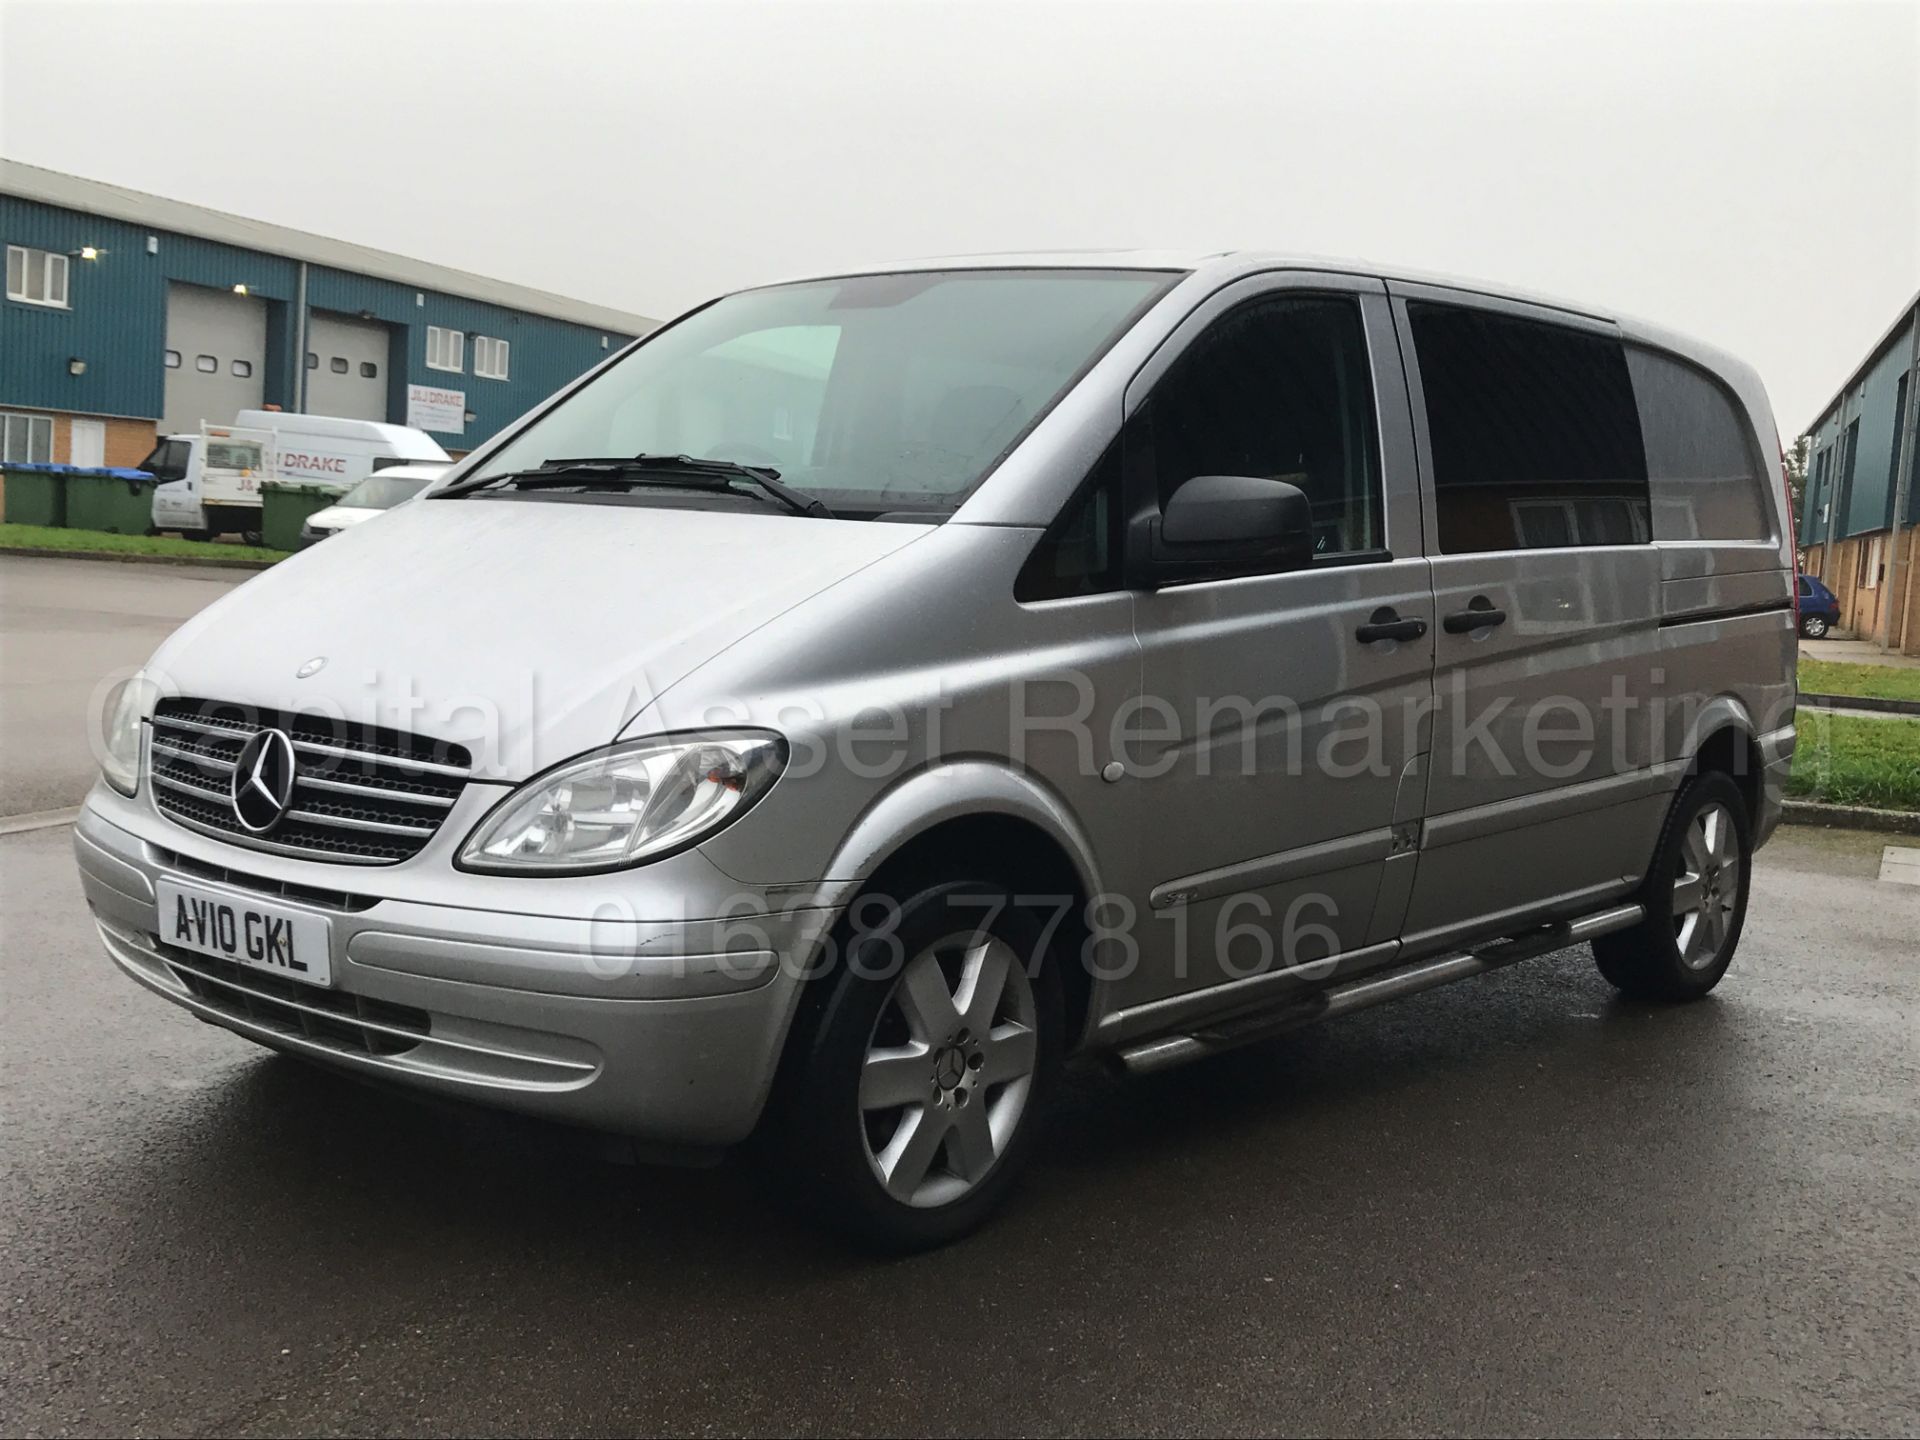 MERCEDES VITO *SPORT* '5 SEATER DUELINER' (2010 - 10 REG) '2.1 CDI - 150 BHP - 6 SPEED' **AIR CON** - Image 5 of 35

==

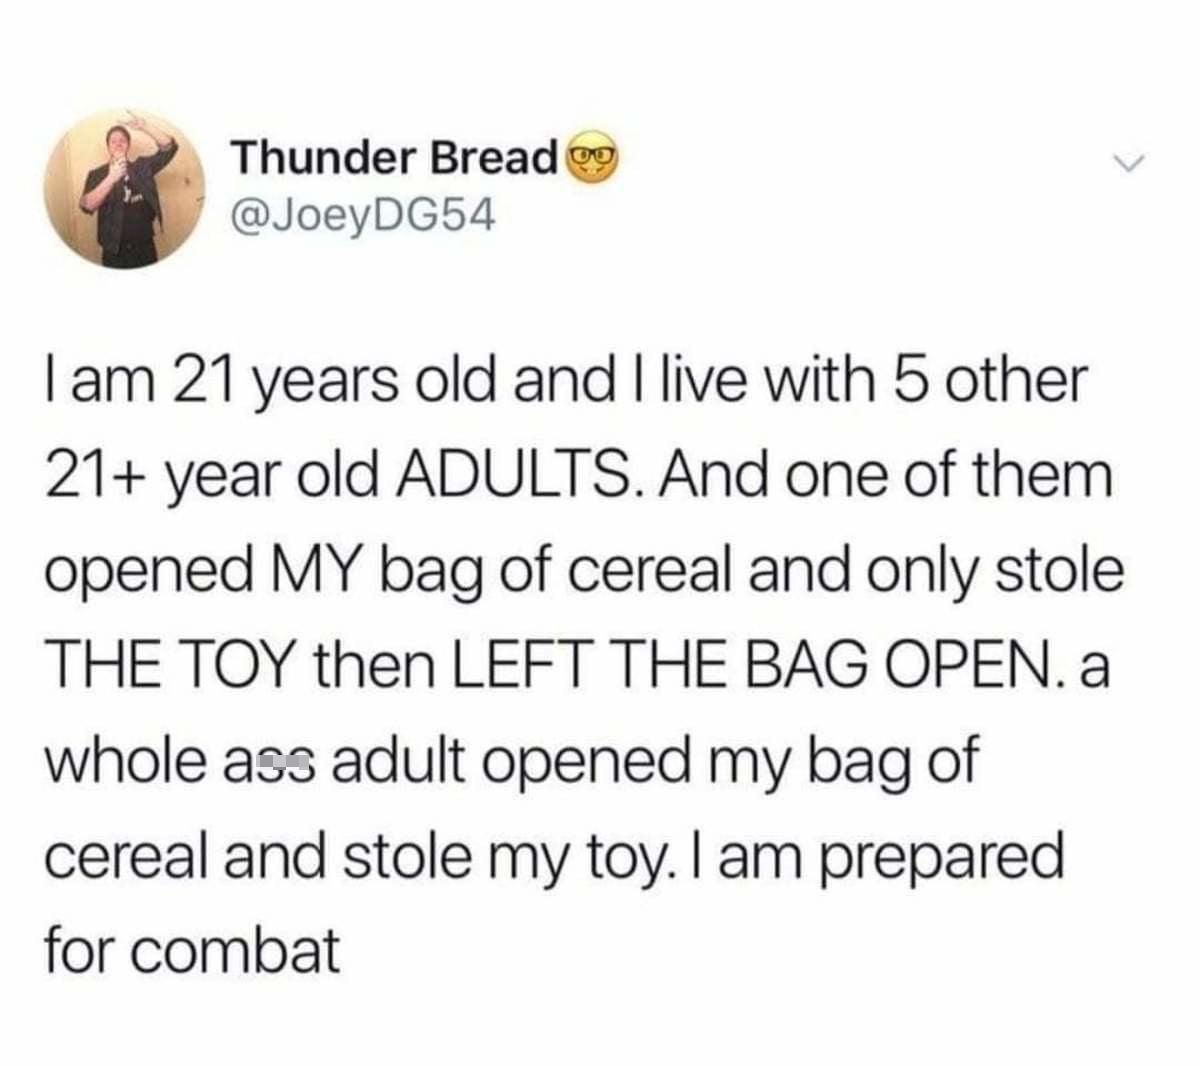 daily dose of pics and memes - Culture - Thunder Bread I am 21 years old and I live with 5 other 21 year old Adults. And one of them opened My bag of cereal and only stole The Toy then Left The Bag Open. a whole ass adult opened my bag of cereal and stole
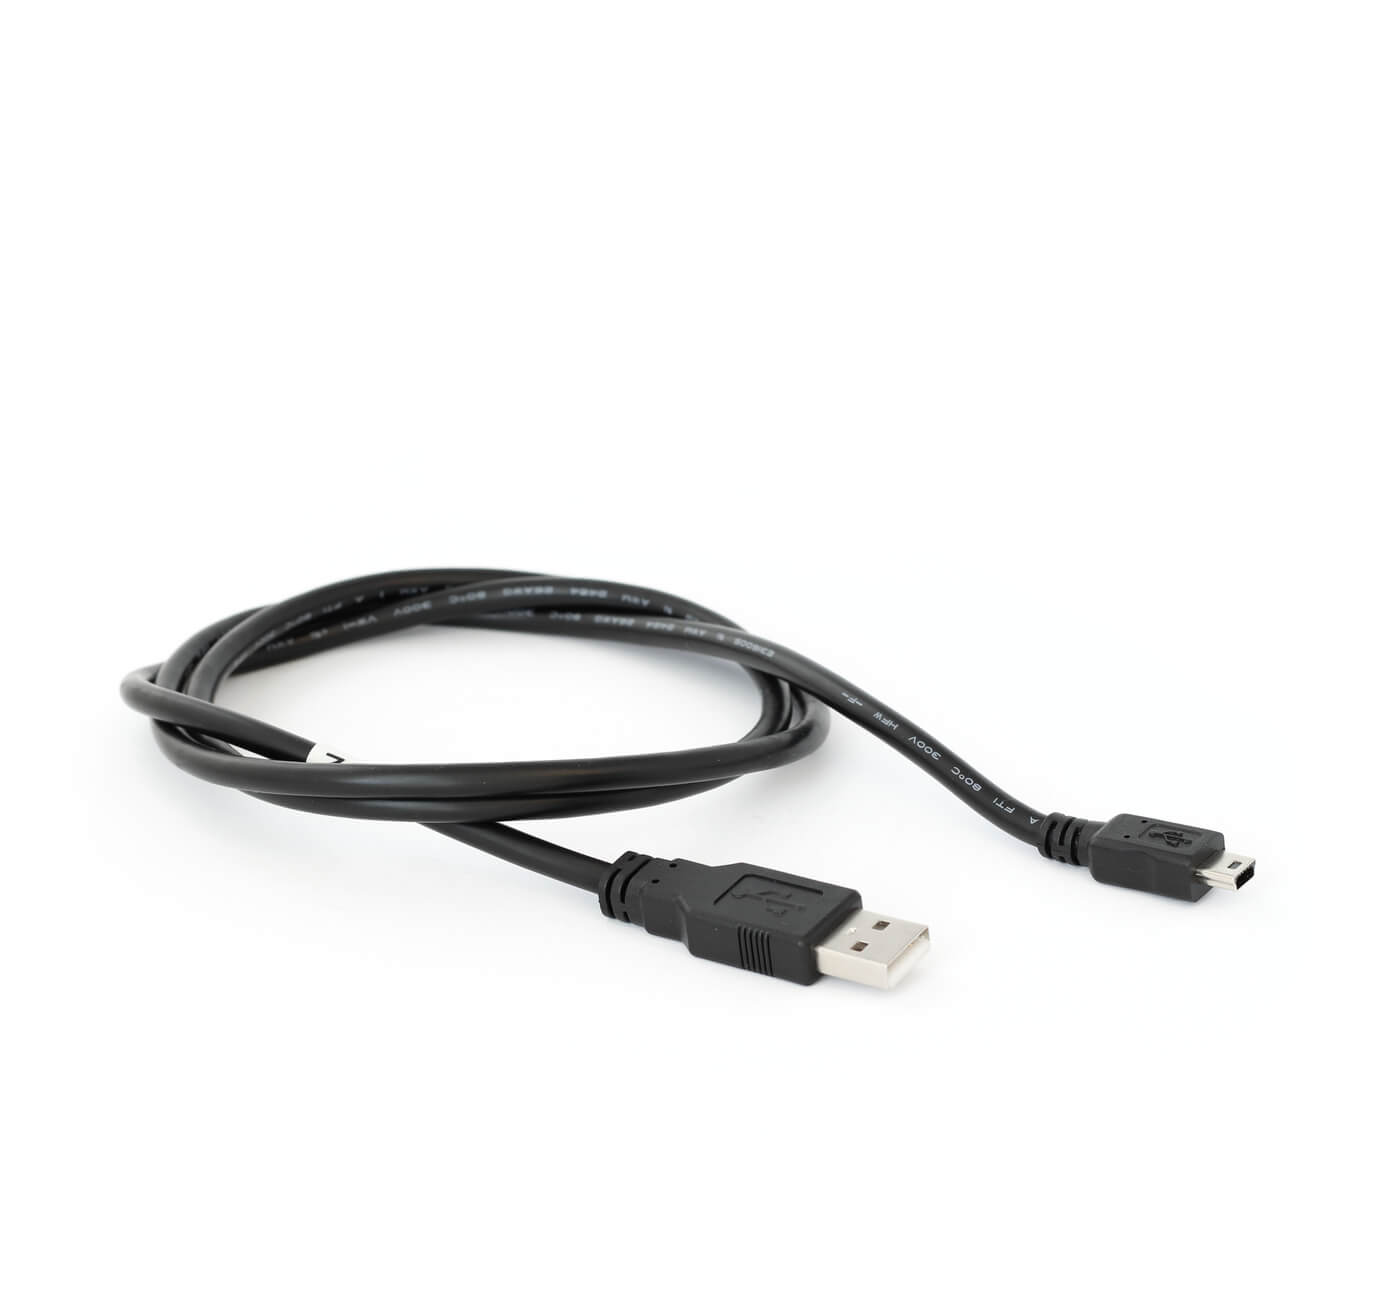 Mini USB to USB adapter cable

(Description of the task): The reply should hold the entries above from the line with "daily dose of" to the line with "Mini USB to USB adapter cable", duplicated exactly, pictures excluded.

(Exercise output):
 daily dose of pics and memes - Culture - Thunder Bread I am 21 years old and I live with 5 other 21 year old Adults. And one of them opened My bag of cereal and only stole The Toy then Left The Bag Open. a whole ass adult opened my bag of cereal and stole
 Mini USB to USB adapter cable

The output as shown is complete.